* [Work to complete]:
The reply should consist of the line containing "Gardella for Azucena" and all lines after it in the listing below, reproduced exactly and nothing more.

■ ■ ■ ■

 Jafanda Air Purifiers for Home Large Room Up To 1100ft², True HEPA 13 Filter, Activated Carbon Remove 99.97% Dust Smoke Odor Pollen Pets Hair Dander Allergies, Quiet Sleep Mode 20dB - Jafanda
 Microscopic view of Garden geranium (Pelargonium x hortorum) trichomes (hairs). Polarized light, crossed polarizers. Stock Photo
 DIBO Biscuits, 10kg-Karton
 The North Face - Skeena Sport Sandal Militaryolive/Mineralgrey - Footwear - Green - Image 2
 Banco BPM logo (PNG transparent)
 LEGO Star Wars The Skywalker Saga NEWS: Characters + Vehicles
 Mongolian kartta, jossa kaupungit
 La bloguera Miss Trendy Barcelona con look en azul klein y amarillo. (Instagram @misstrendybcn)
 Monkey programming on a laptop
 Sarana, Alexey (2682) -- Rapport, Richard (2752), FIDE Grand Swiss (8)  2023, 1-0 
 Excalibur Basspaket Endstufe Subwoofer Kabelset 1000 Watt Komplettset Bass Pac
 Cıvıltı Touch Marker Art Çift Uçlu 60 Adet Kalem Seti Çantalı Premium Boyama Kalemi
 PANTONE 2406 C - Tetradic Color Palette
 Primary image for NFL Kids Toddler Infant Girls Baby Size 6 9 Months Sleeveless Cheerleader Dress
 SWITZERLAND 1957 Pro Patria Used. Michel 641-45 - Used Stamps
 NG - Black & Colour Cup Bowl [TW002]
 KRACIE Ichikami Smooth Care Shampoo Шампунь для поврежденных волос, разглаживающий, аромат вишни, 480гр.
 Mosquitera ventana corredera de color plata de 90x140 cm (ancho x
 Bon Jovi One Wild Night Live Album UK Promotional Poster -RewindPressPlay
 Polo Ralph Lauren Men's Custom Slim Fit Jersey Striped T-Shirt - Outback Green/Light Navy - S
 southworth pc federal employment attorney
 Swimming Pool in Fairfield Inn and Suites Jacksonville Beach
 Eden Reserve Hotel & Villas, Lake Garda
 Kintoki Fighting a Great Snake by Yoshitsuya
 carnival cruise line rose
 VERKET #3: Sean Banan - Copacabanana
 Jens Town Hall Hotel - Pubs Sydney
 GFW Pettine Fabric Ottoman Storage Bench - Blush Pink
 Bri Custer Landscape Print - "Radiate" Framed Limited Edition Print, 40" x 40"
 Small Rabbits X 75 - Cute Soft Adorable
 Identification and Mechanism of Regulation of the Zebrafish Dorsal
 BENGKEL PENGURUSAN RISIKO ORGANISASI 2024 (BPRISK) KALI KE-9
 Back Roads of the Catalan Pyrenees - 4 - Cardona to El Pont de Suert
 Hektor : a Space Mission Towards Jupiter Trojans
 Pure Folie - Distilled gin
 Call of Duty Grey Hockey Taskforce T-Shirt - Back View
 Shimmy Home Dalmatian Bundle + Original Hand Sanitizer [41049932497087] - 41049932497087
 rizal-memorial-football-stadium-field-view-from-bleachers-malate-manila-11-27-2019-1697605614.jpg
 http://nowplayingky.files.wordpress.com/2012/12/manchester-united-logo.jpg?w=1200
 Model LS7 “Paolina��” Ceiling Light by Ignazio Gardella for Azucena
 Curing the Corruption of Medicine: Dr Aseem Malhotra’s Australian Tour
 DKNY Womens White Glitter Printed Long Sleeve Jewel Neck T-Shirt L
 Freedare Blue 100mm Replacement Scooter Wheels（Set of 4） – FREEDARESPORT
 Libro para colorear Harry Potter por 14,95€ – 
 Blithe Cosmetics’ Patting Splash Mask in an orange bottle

■ ■ ■ ■

* [Worked solution]:
 Model LS7 “Paolina��” Ceiling Light by Ignazio Gardella for Azucena
 Curing the Corruption of Medicine: Dr Aseem Malhotra’s Australian Tour
 DKNY Womens White Glitter Printed Long Sleeve Jewel Neck T-Shirt L
 Freedare Blue 100mm Replacement Scooter Wheels（Set of 4） – FREEDARESPORT
 Libro para colorear Harry Potter por 14,95€ – 
 Blithe Cosmetics’ Patting Splash Mask in an orange bottle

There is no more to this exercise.